Emma Watson
Image by: Warner Bros./Jaap Buitendijk
There’s been so much rumor and speculation about what stars
will pop up in The Muppets – the upcoming reboot of the film franchise
featuring Kermit, Miss Piggy, Fozzie Bear and the rest of the crew – that it
seems like this movie’s been shooting since The Muppets Take Manhattan came
out back in 1984. But the long wait is nearly over – the new Muppet epic,
starring and co-written by Jason Segel (How I Met Your Mother, Forgetting
Sarah Marshall), is in post-production and will be in theaters before year’s
end. But who else will star? It’s been confirmed that funny ladies Amy Adams,
Emily Blunt and Rashida Jones are in the cast, but the
still-officially-under-wraps bit players are even more queer-adjacent; the
celebrity cameos allegedly include Wanda Sykes, Modern Family’s Eric
Stonestreet, girl-kisser Katy Perry, bear magnet Zach Galifianakis,
tart-tongued diva Kathy Griffin, and the mother of them all, Liza Minnelli.

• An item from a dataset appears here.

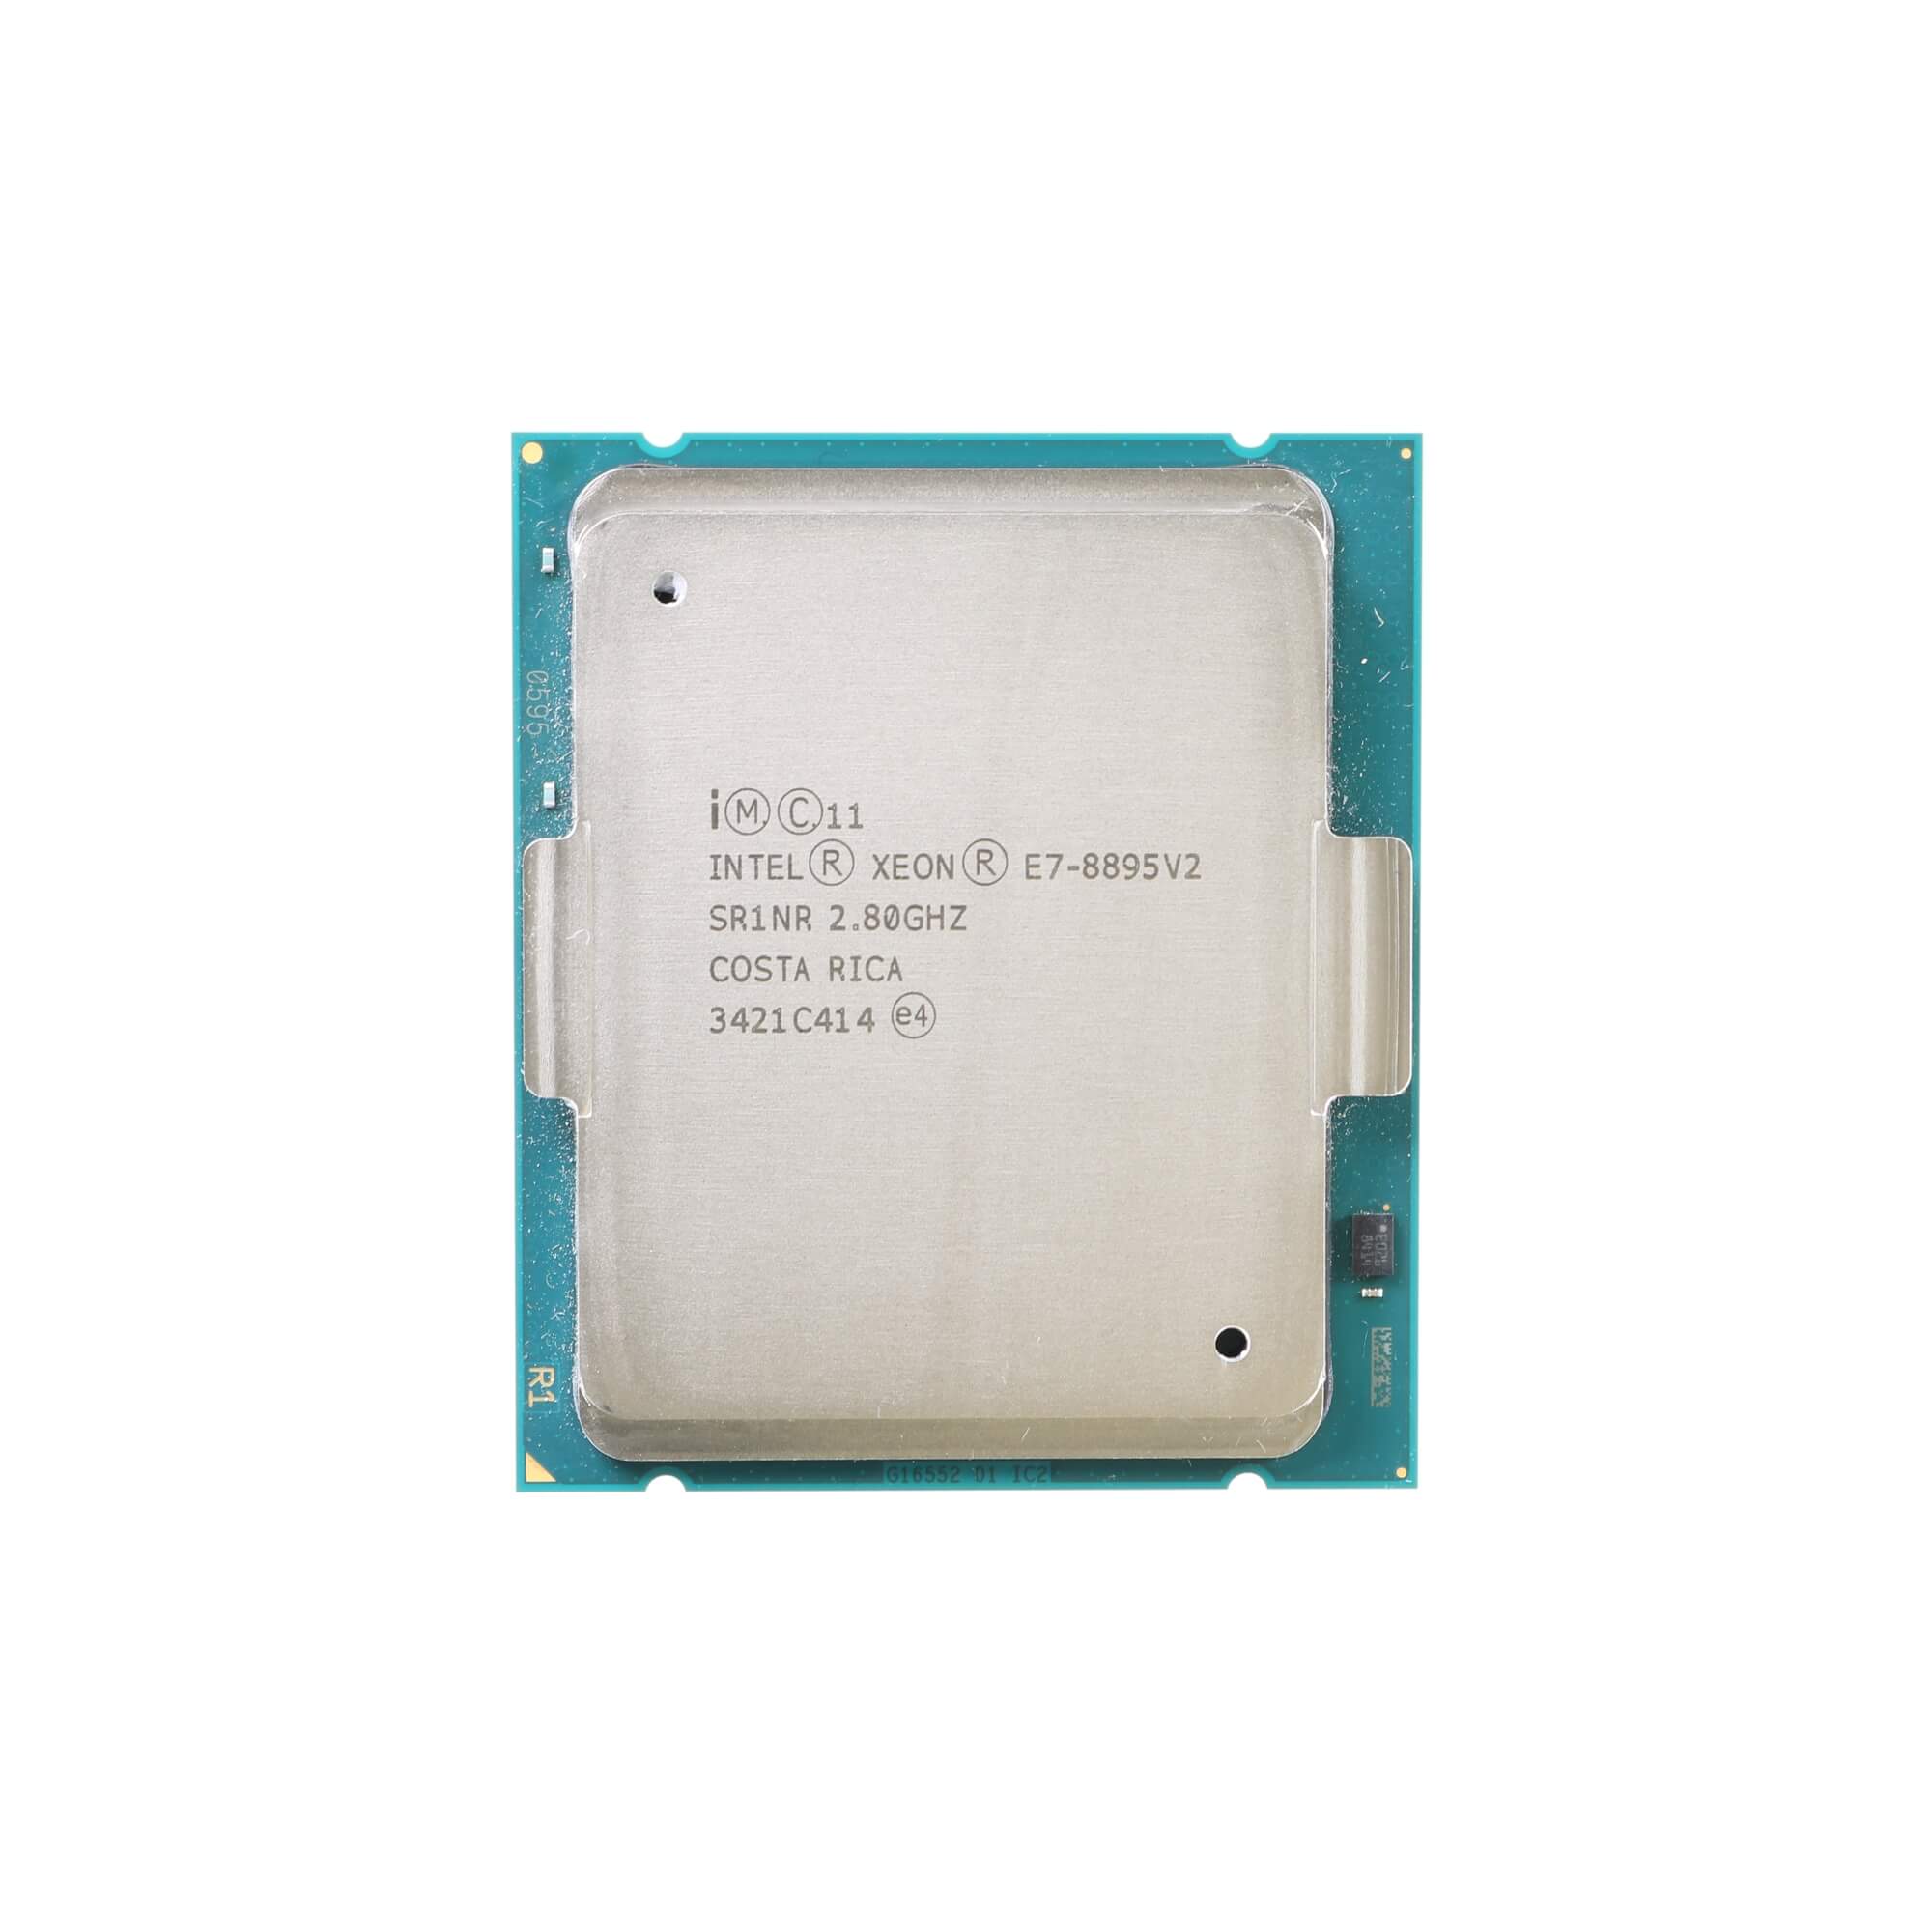 Intel Xeon E7-8895 v2 SR1NR

Here’s what Romeo really wants to know, though: Will Scooter finally come out?
Wallflower dances with Emma Watson
Stephen Chbosky’s The Perks of Being a Wallflower is one
of those beloved young-adult novels that always turns up on the lists of Most
Frequently Banned Books, since it deals with (gasp) homosexuality, suicide and
drug use. And now you can expect the book to become even more famous because
it’s going to be a movie. Logan Lerman (Percy Jackson and the Olympians: The
Lightning Thief) will play Charlie, a high-school outcast whose horizons are
expanded when he is befriended by two unusual seniors, step-siblings Patrick
and Samantha. The beautiful and uninhibited Samantha will be played by Emma
Watson, in one of her first major post–Harry Potter roles, but no actor has
yet been chosen to play Patrick, a gay student who’s having a secret affair
with a closeted football player. Chbosky will adapt and direct his own novel
for producer John Malkovich, and Mae Whitman (Scott Pilgrim vs. the World)
co-stars. Let the protests resume. Not among uptight parents, mind you, but
among real life wallflowers resentful that they’re always being portrayed in
movies by astoundingly attractive young actors.
Staring back at Marina Abramovic
You don’t have to have stood in line with Bjork and James
Franco at New York’s Museum of Modern Art last year to have heard about the
700-hour-long staring contest that Serbian performance artist Marina Abramovic
undertook with anyone and everyone willing to sit opposite her and gaze into
her eyes. The piece made headlines outside of the art world for its sheer
audacity (and, yes, its celebrity fans).
The next step for Abramovic, then, feels exactly right: she
will collaborate with Willem Dafoe and some high-profile gays for a theater
piece about herself. The Life and Death of Marina Abramovic will have its
world premiere this summer in Manchester, England and will be directed by
avant-garde A-lister Robert Wilson, with musical input from Antony of Antony
and The Johnsons, as well as experimental electronic band Matmos (comprised of
M.C. Schmidt and Drew Daniel, partners in life as well as music). In other
words, big stars to people whose tastes run well outside the mainstream. And
you know what that means: Bjork is going to scoop up all the front row seats
unless you fans of weird stuff book your tickets – both for the theater and for
the flight to England – now.
Sean Hayes A fine choice for The Three Stooges
Two stooges down, one Moe to go –
that’s the latest casting news from the production camp of The Three Stooges,
the upcoming feature about the knuckleheaded kings of physical comedy from
filmmakers Peter and Bobby Farrelly. Curly came along first in the form of Will
Sasso ($#*! My Dad Says) and now Sean Hayes has signed on to play Larry. It
makes perfect sense, of course, since Hayes has a strong physical comedy
background from his time spent as the exuberant Jack on Will & Grace. And
there’s even a slight resemblance to the former boxer-turned-comic actor, minus
all that frizzy hair. No word yet about whose names appear on the Moe short
list, but no matter who winds up with the weird bowl haircut, the Farrelly
brothers have already made a solemn vow that there will be "non-stop slapping"
when this thing eventually hits multiplex screens. Finally, a biopic with its
priorities in line.
Romeo San Vicente thinks Curly was the sexy one. And the less said about Shemp the better.